Social media monitoring is no longer a novelty for brands, said Lauren Harper, Oracle Marketing Cloud’s senior manager of social marketing, in a recent webinar.
“It’s really now become imperative that all brands have some sort of strategy around listening on social media,” she said.
But it’s not just enough to listen. Companies also must act on what they have learned. In any relationship, one must respond to his/her partner’s wishes to keep the love alive, right? So let’s dive into five actionable social listening steps that will help brands improve their content marketing strategies and leave their customers wanting more.
Develop Content Based on the Results You Find
This tip seems like a no-brainer, but it’s an important point to reiterate. What topics are trending in your target market? Do certain questions appear often from customers? What stories do your customers care about?
If a brand isn’t monitoring feedback from its customers, then it could miss opportunities to give them what they want. Brands should check everything from tweets and Facebook comments to Yelp! reviews to provide content that answers customers’ concerns or frequently asked questions.
“Everything is a story,” Harper said. “And listening in is the first step to finding what those stories are.”
By monitoring Twitter, Honda discovered a band that was creating music videos from their cars. The brand showed its appreciation to the Honda owners through its Honda Loves You Back campaign by surprising the band, Monsters Calling Home, with an appearance on Jimmy Kimmel Live. The Honda Loves You Back campaign resonated with Honda enthusiasts and garnered positive attention from the ad industry and potential customers.
Improve Customer Service
Customers expect to be able to reach out to a company on whatever platform they want, Harper said. For some, that means connecting through Facebook or Twitter.
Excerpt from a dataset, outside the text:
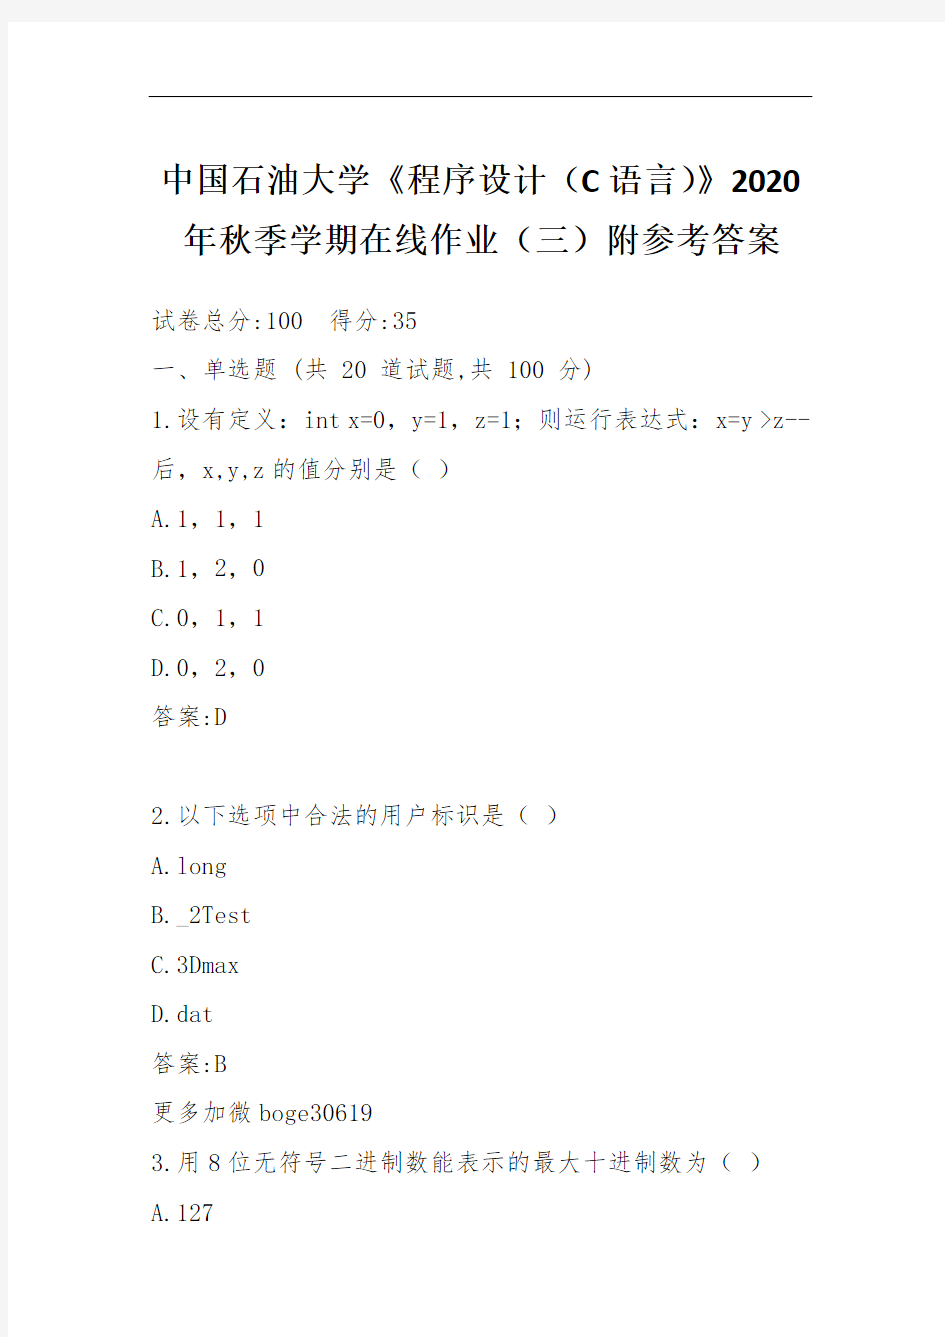 中国石油大学《程序设计(C语言)》2020年秋季学期在线作业(三)附参考答案

If a company rep wouldn’t leave an email unanswered for 24 hours, then perhaps he shouldn’t let a tweet go unnoticed either. Brands should respond as quickly as possible on social media and provide the best information in a clear, concise manner. The one customer that gets help will probably feel endeared to the brand, and the brand’s social followers can see firsthand how it promptly responds to customers’ needs.
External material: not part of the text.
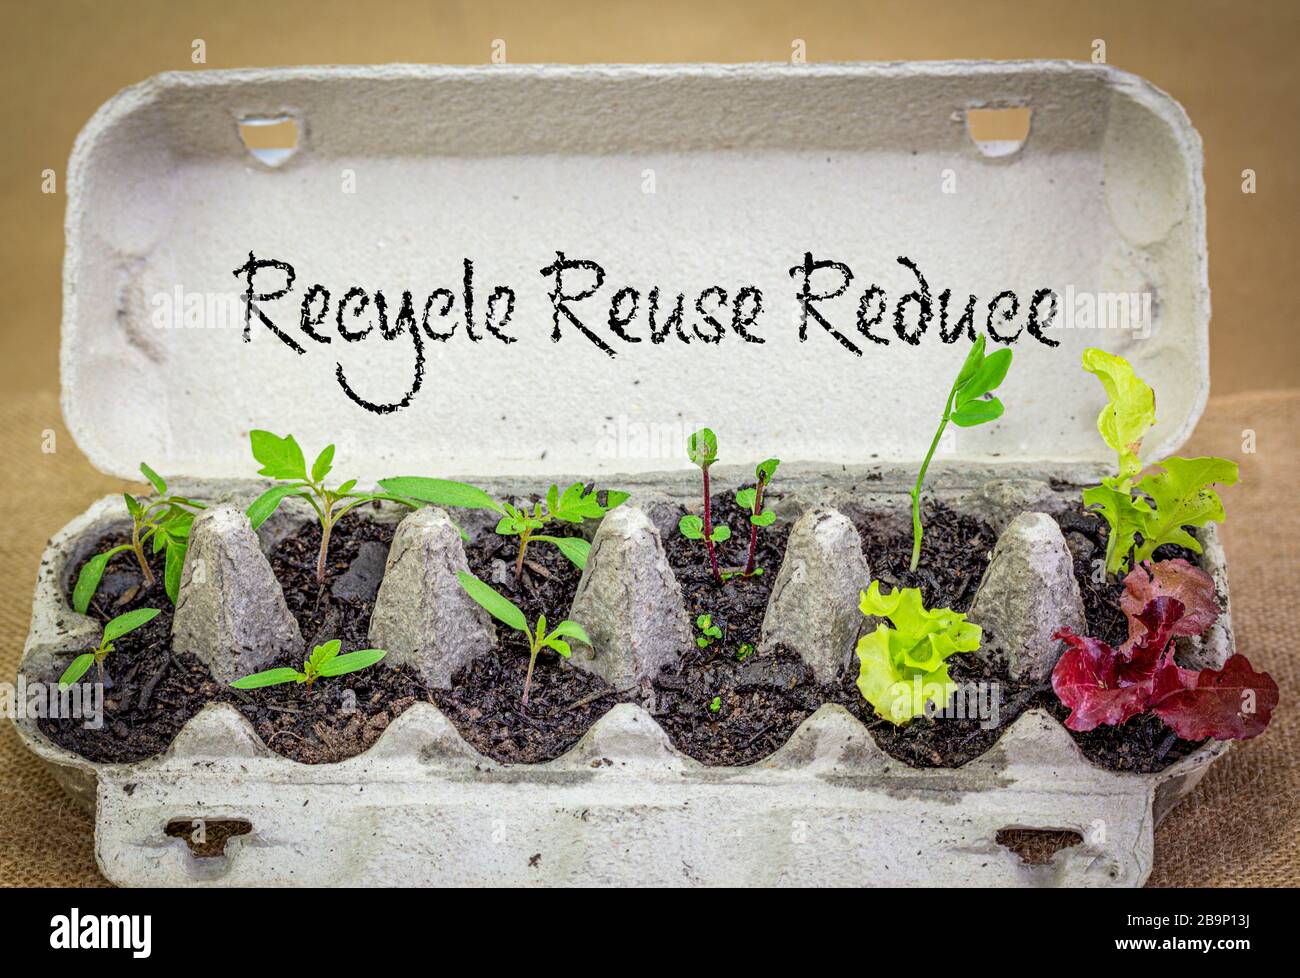 Authentische wiederverwendete Eikiste, die recycelt wird, um pflanzlichen Setzling anzubauen, mit Recycling, Wiederverwendung und weniger Text. Stockfoto

Create More of the Content that Performs Well
Counting the number of shares and favorites, or using tools such as Google Analytics can help brands see what’s already popular on their website and social media platforms. If an audience gravitates towards a certain topic or a certain format, such as Q&As or numbered lists, then brands should consider recreating similar content.
For example, Nick Ayres, the global director of social marketing for the InterContinental Hotels Group, said IHG tries to find out what customers are saying about sleep in the Holiday Inn Express Stay Smart marketing campaign. They want to see the chatter about IHG’s brands, including Holiday Inn Express, and IHG’s competitors.
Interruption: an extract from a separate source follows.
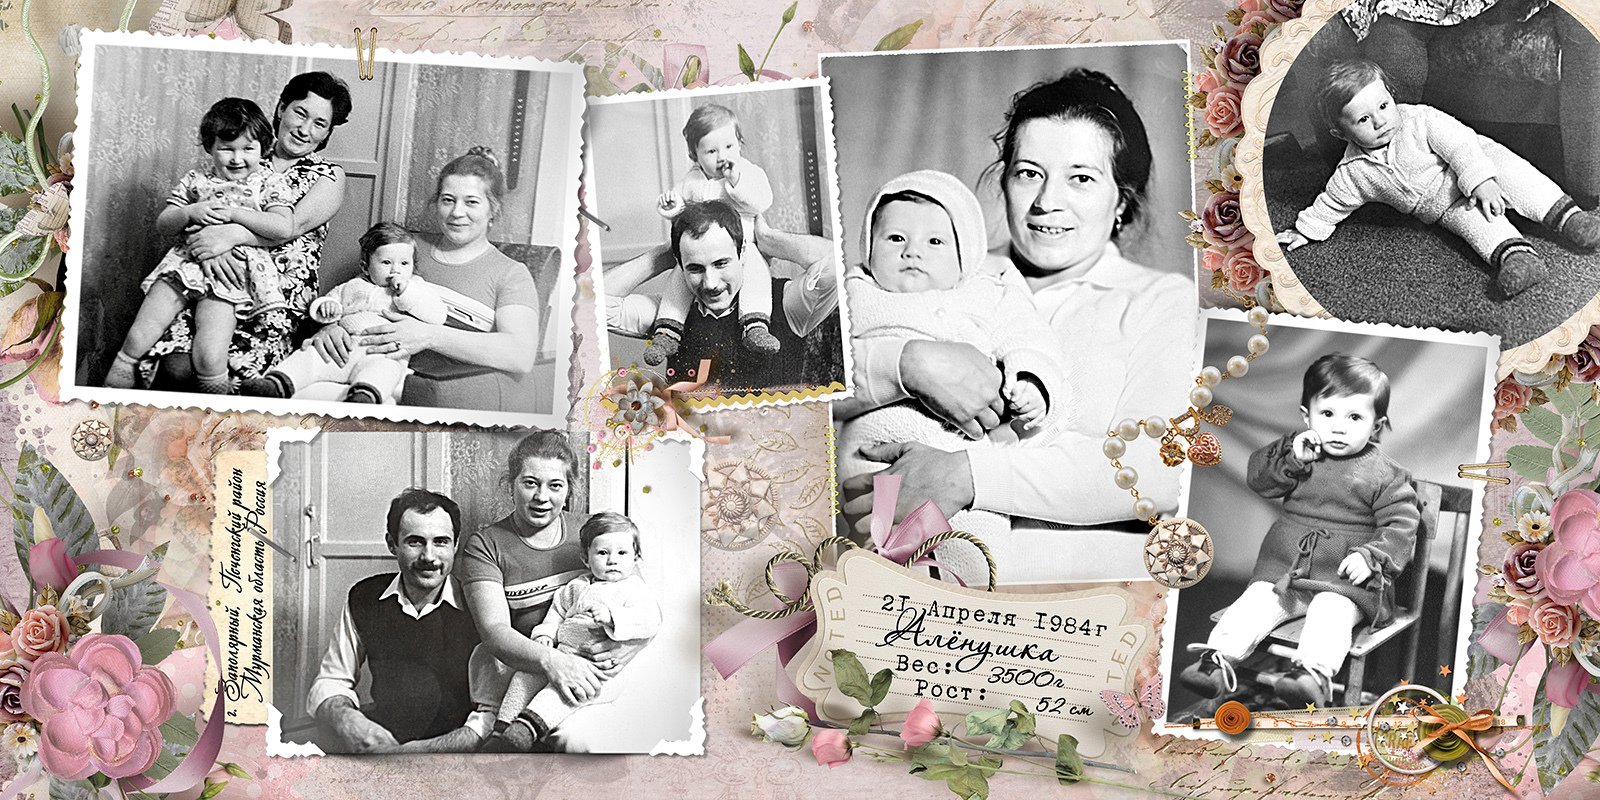 Найдите в семейном альбоме фотографию на которой запечатлено много ваших родственников

“We tune that listening in a way that helps us inform campaign decisions both at an aggregate level to understand how well the campaigns perform, but also as we think about iterations in the midst of the campaign,” Ayres said.
So Holiday Inn Express knows what messages resonate well with its audience and makes adjustments to include similar elements in the rest of the campaign.
Plug in the Holes
Use social insights to improve products or processes customers find unsatisfactory or convoluted.
Do you remember when Gap tried to change its logo? When the company unveiled a new logo in fall 2010, customers expressed their ire on social media. Gap listened.
The clothing brand responded by crowdsourcing logo designs from its customers. Gap ultimately decided to stick with its logo of 20-plus years and acquiesced to the social media backlash.
Discover Brand Advocates and Develop Partnerships
Sometimes the best advocate is not the company itself, but it’s a real-life customer. Use social media listening to find key influencers and have those customers speak for the brand.
Many companies send social influencers with large followings their products and request reviews. A well-placed review can do wonders. The company wins because it reaches its target audience, but spends less money than it would on traditional advertising. Plus, the influencer has already built credibility with his audience, so the audience is willing to listen.
Social media listening helps brands identify online conversations about their products and use those insights to engage with customers, develop new content and identify potential partnerships with influencers. Social media listening can be an arduous task. But once a company develops its strategy and hones in on the data that’s most helpful, the benefits abound.